--- Problem to work on ---
Copy the listing exactly as given. Omit every picture.

--- The data ---
>>>

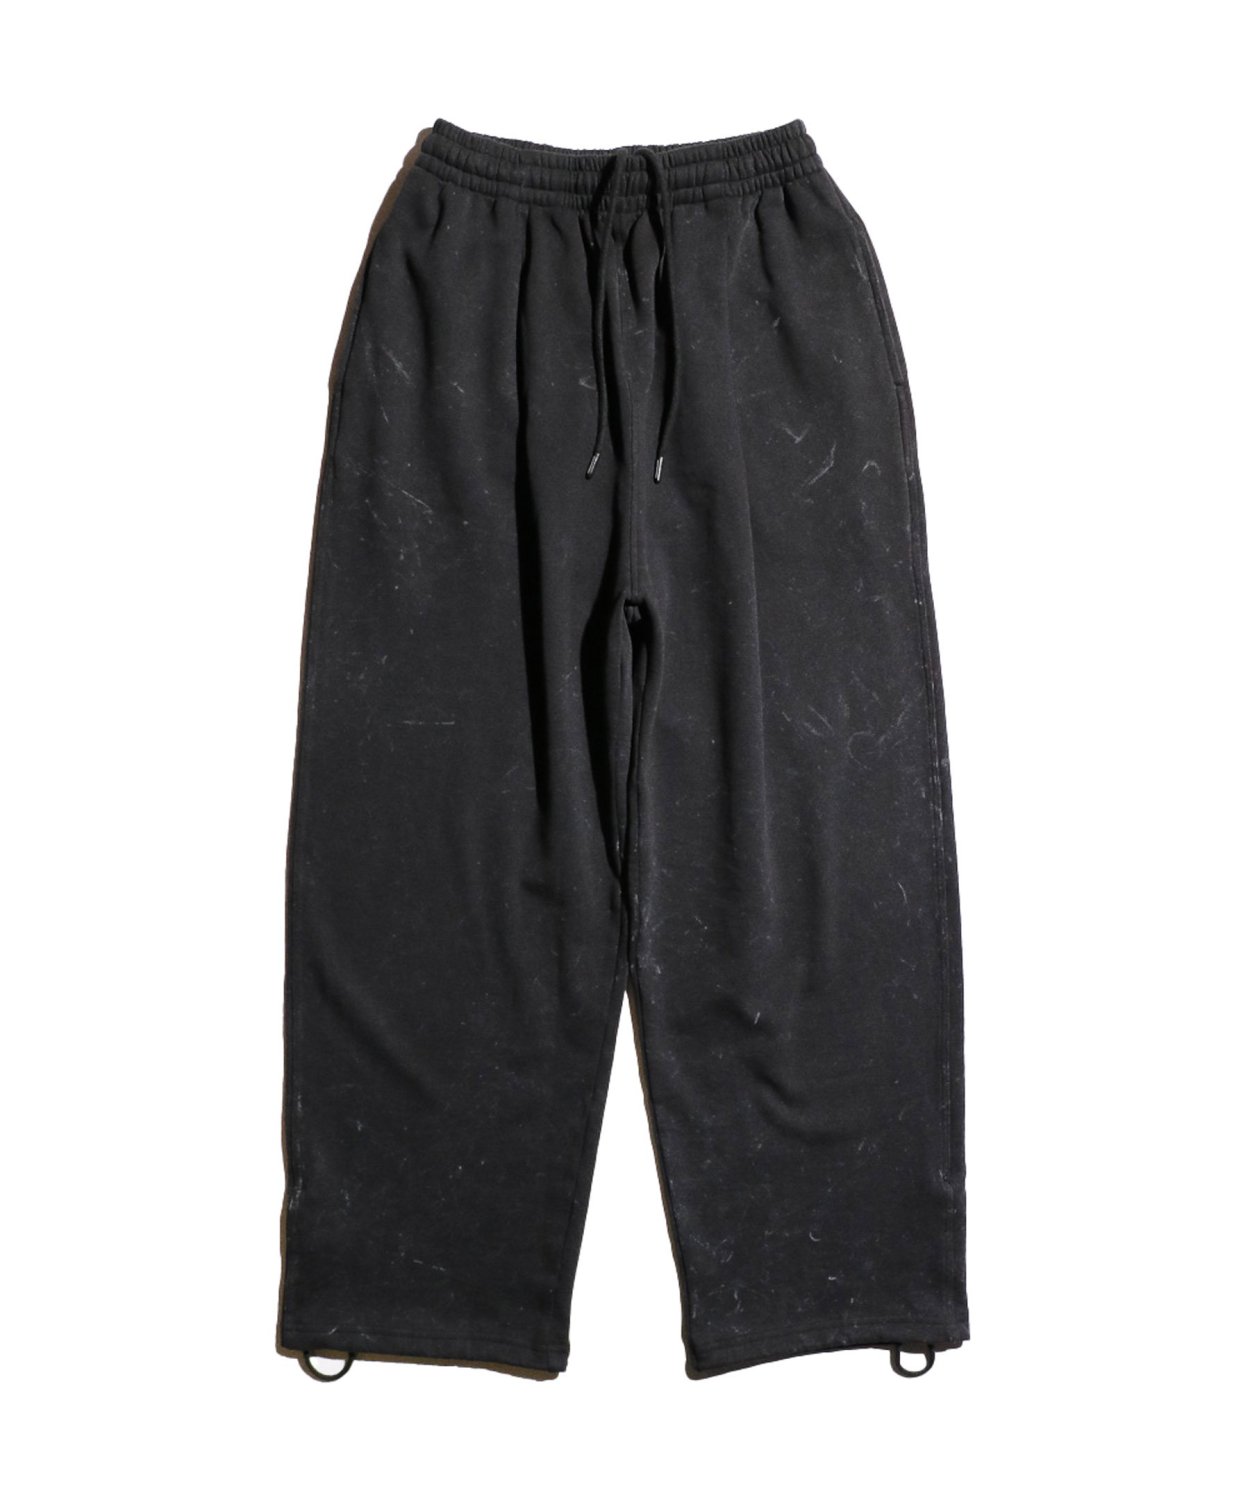 WILLY CHAVARRIA / NORTH SIDER JOGGER PANTS
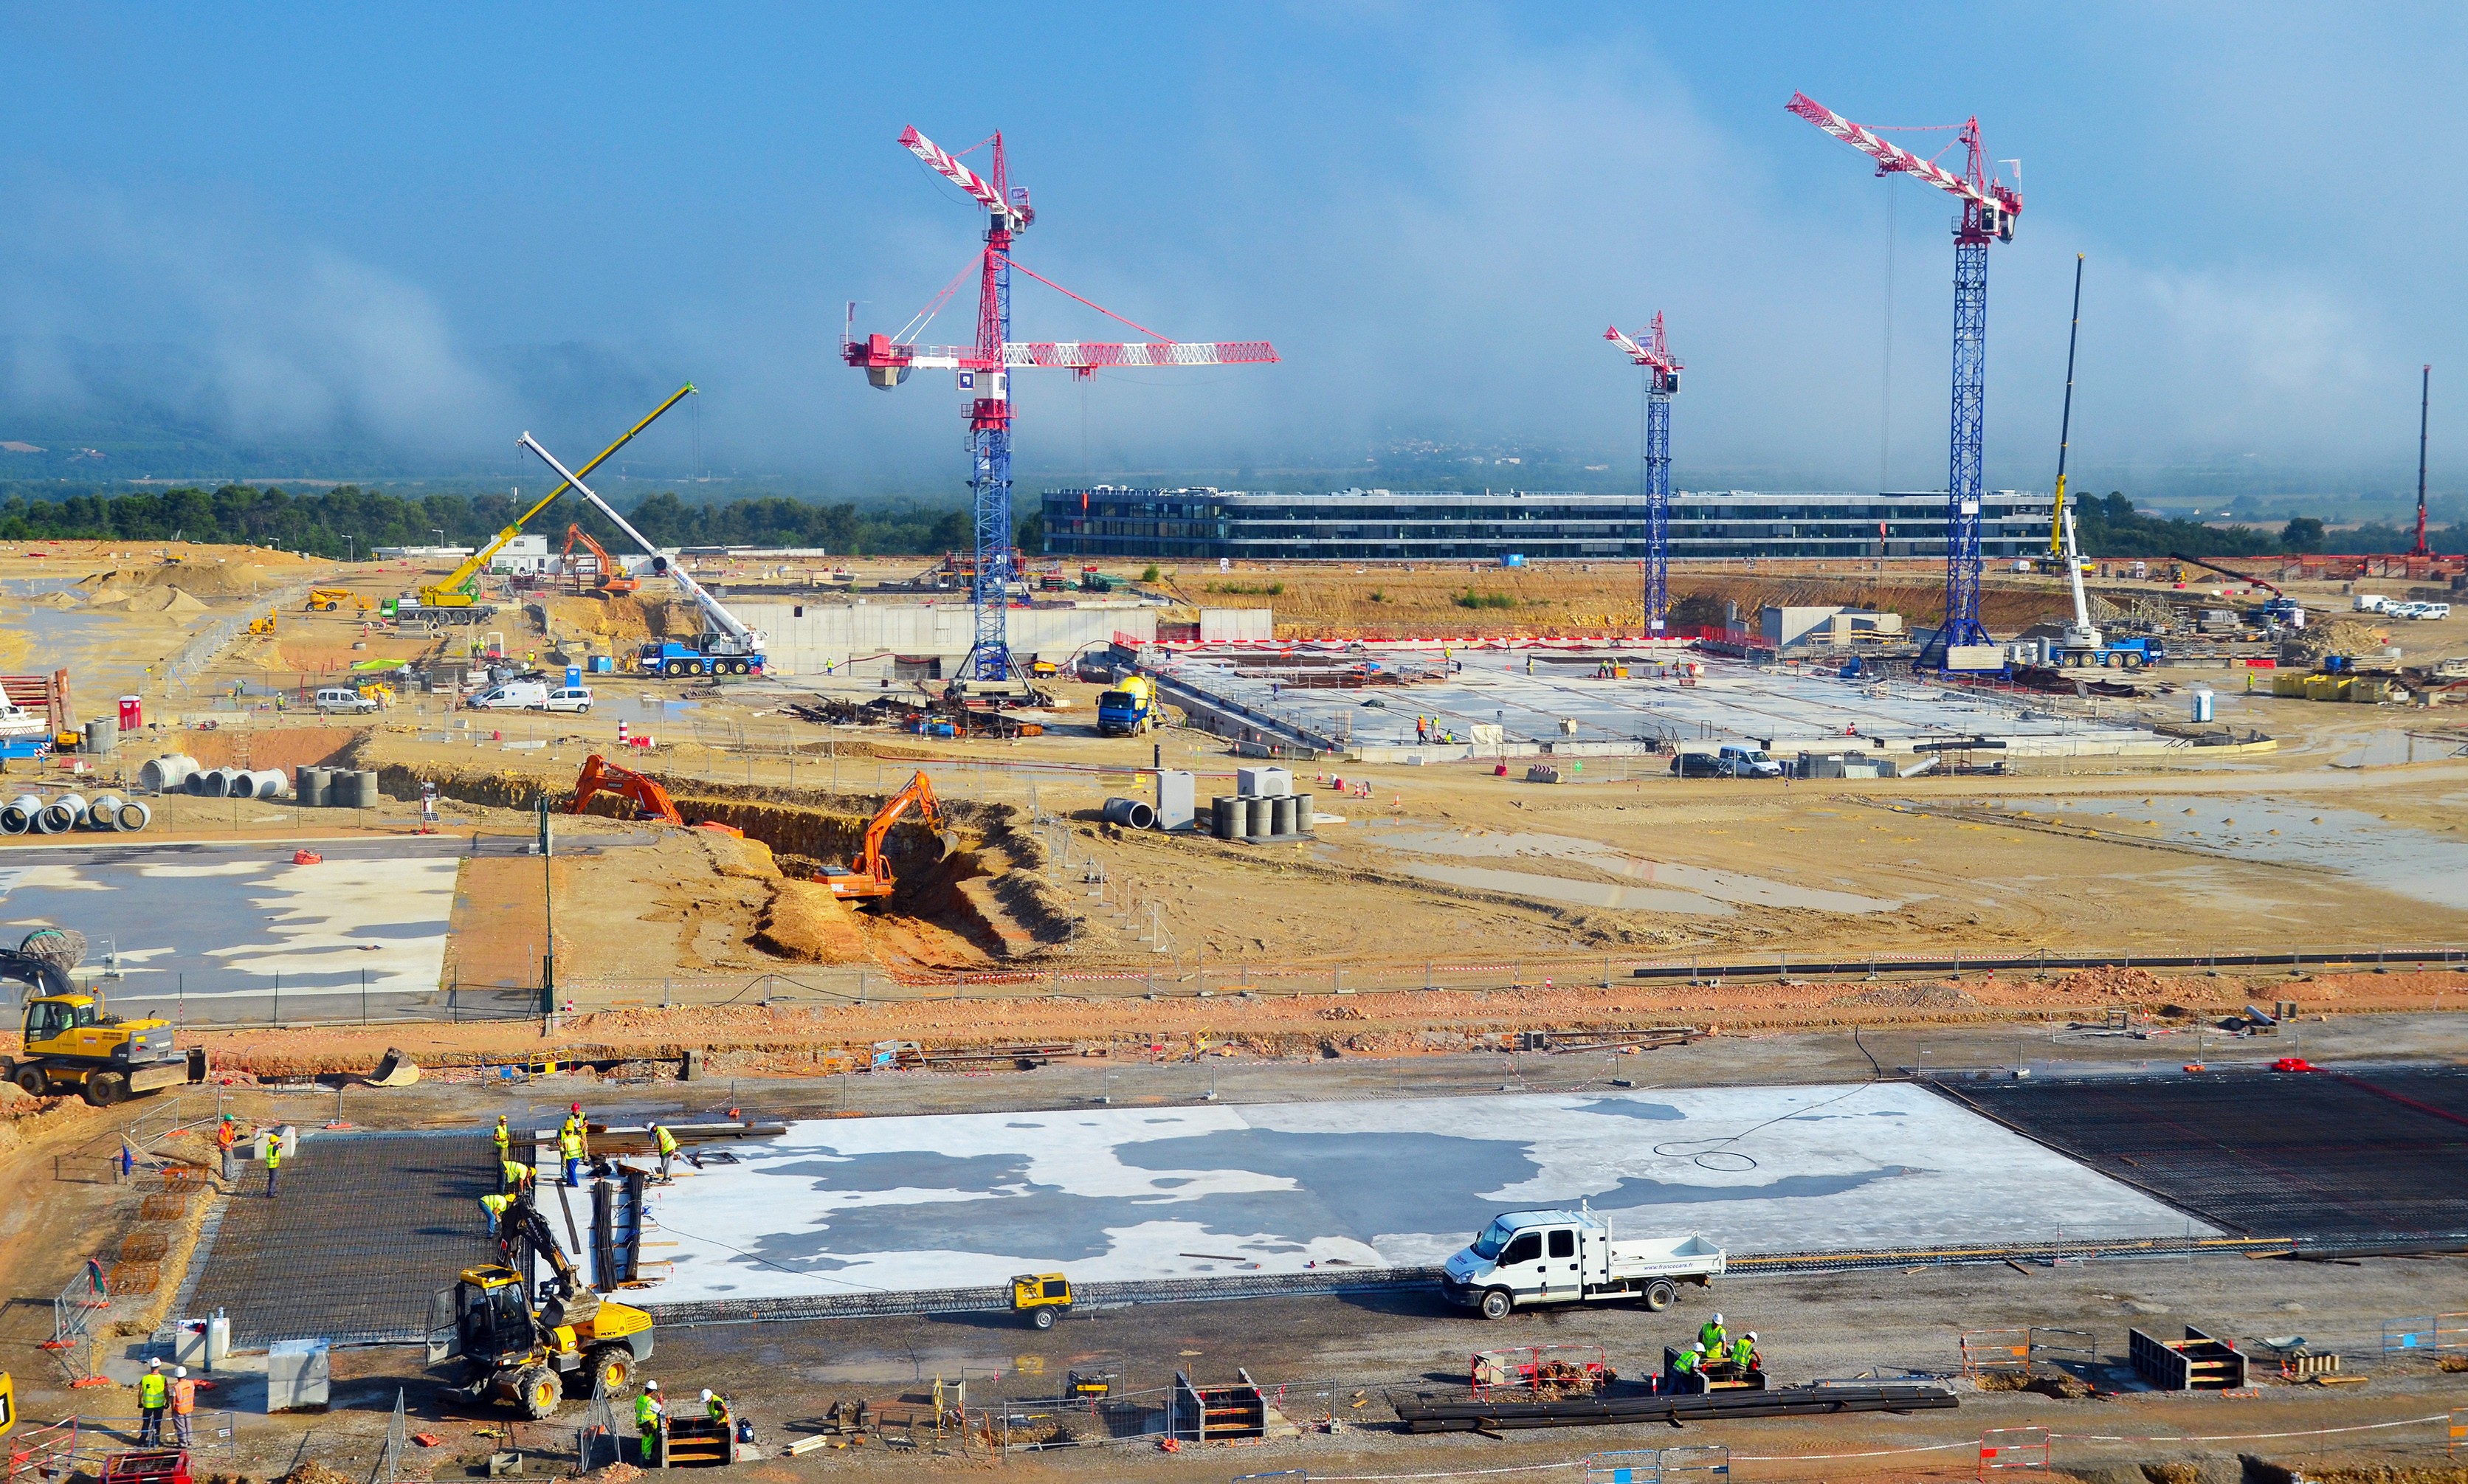 Summer postcards from the ITER worksite
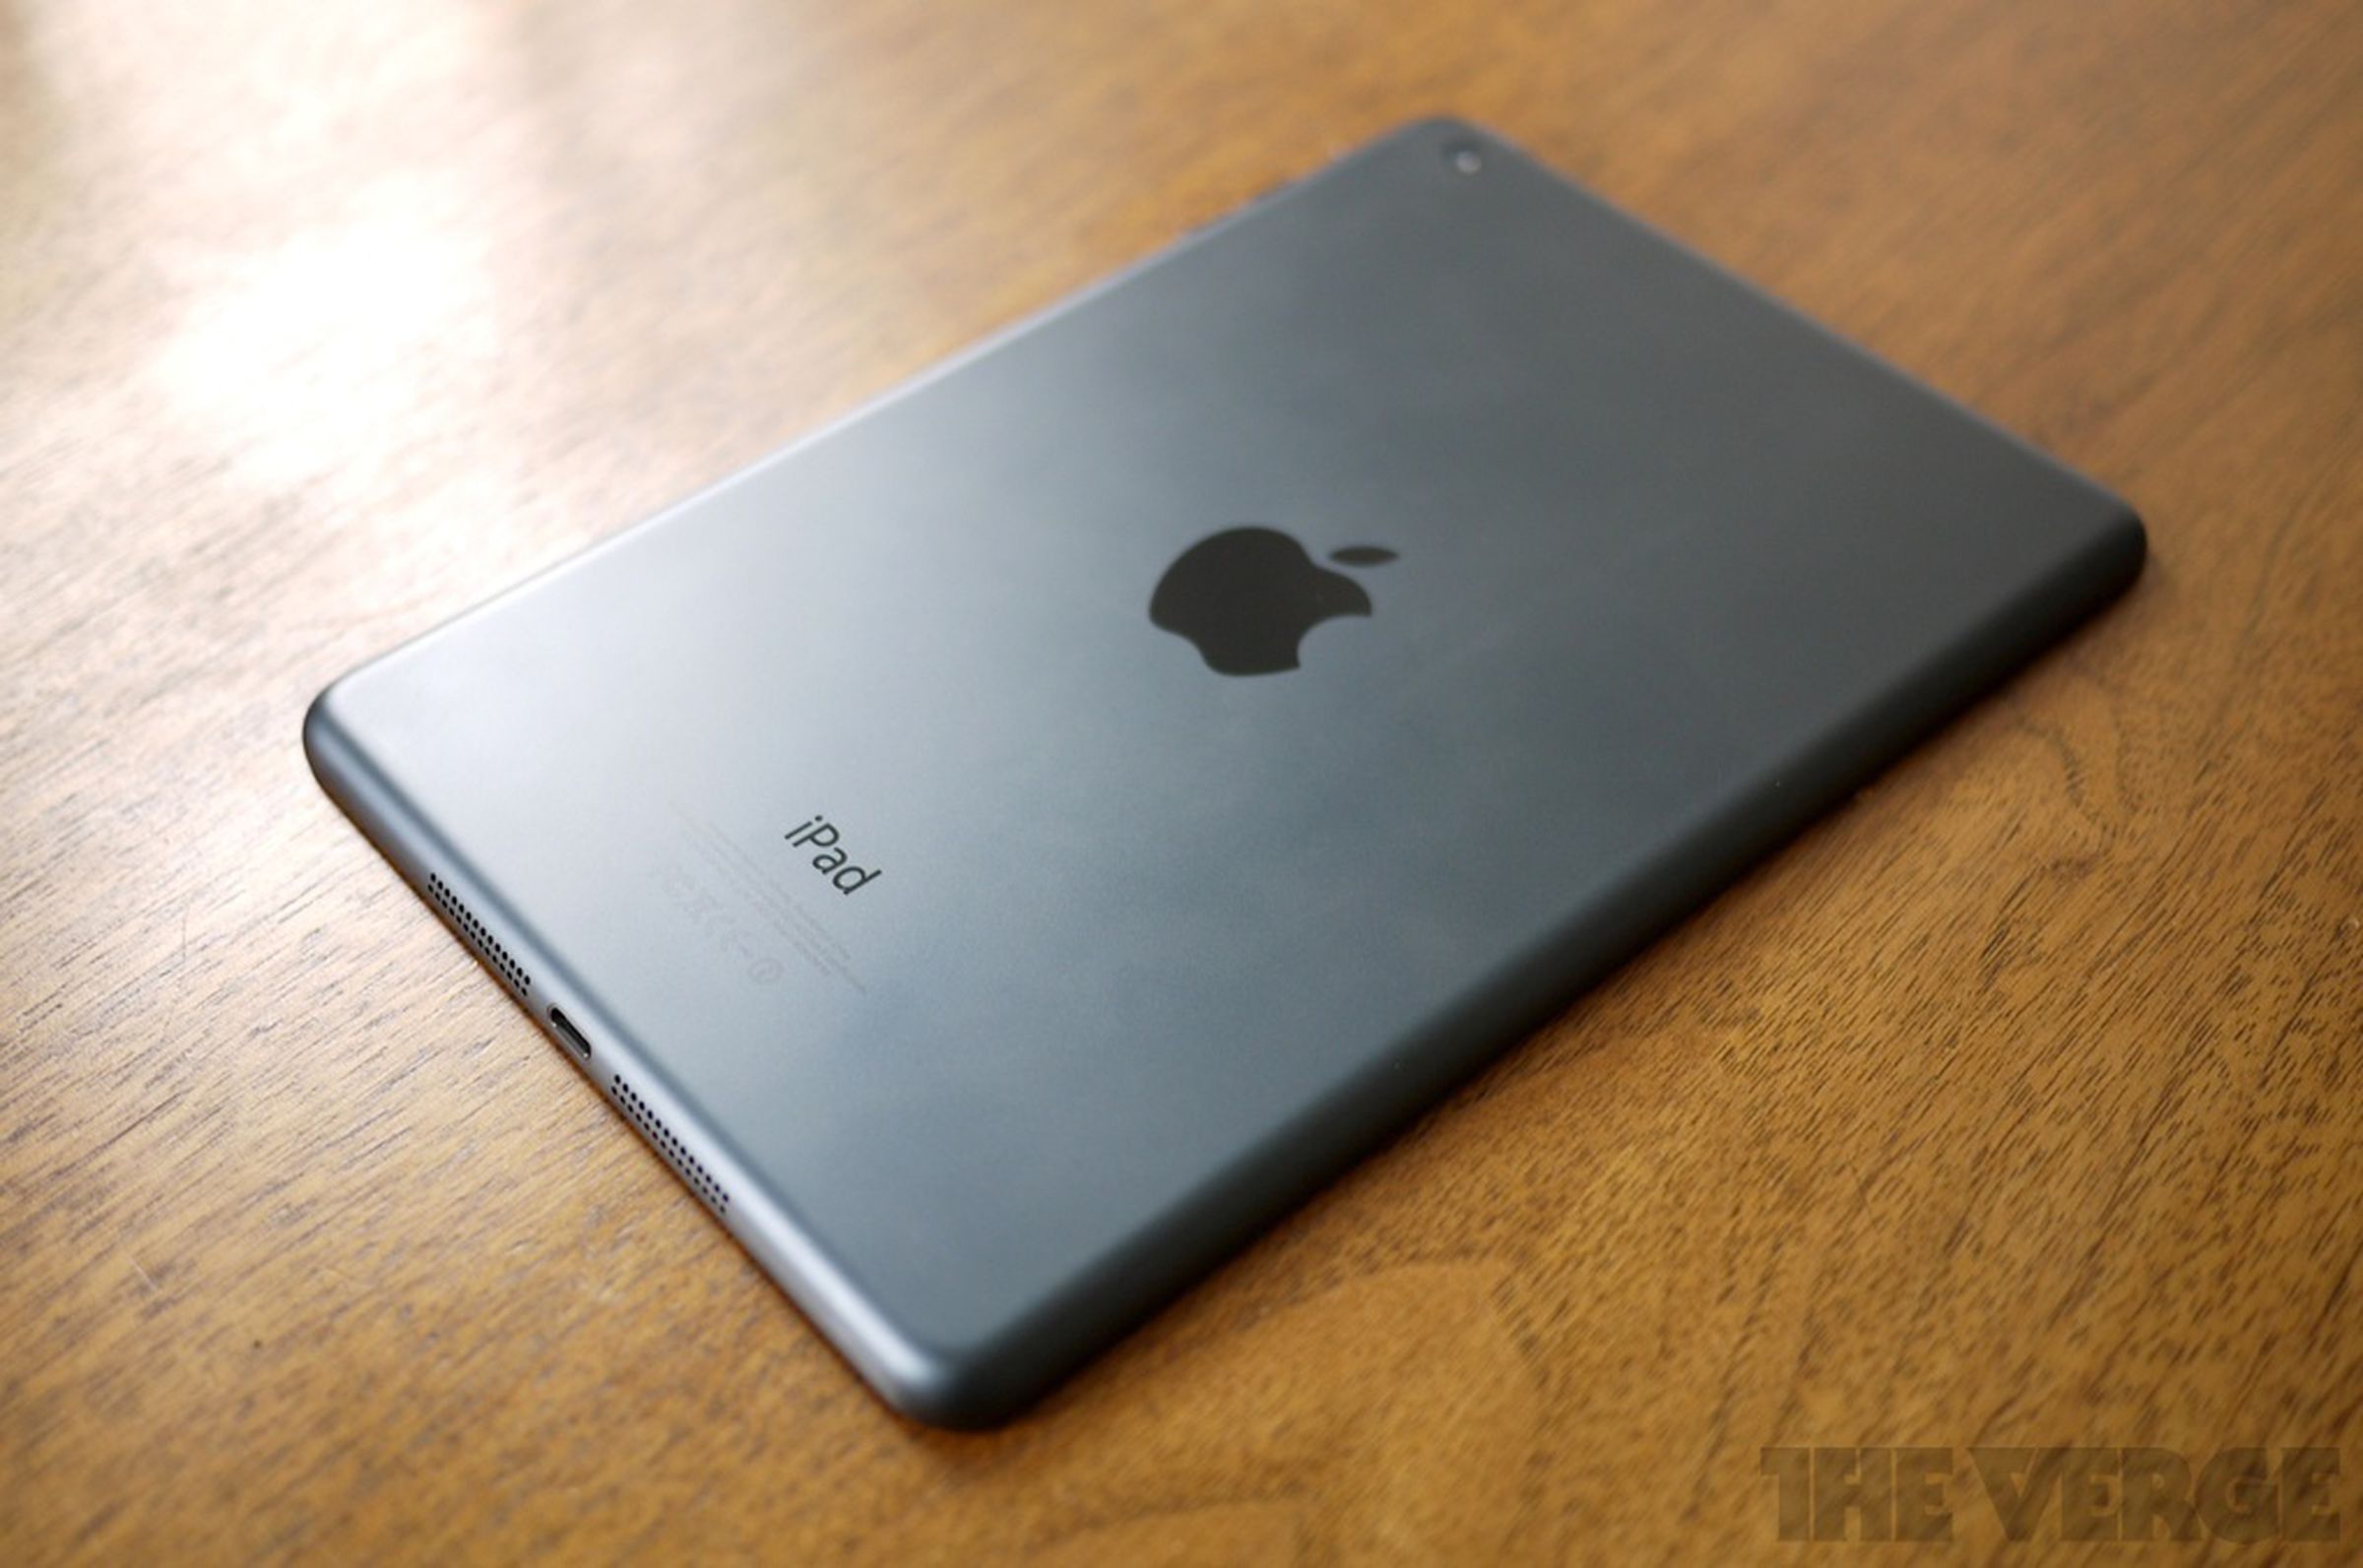 Hands-on with the iPad mini

<<<

--- Solution ---
 WILLY CHAVARRIA / NORTH SIDER JOGGER PANTS
 Summer postcards from the ITER worksite
 Hands-on with the iPad mini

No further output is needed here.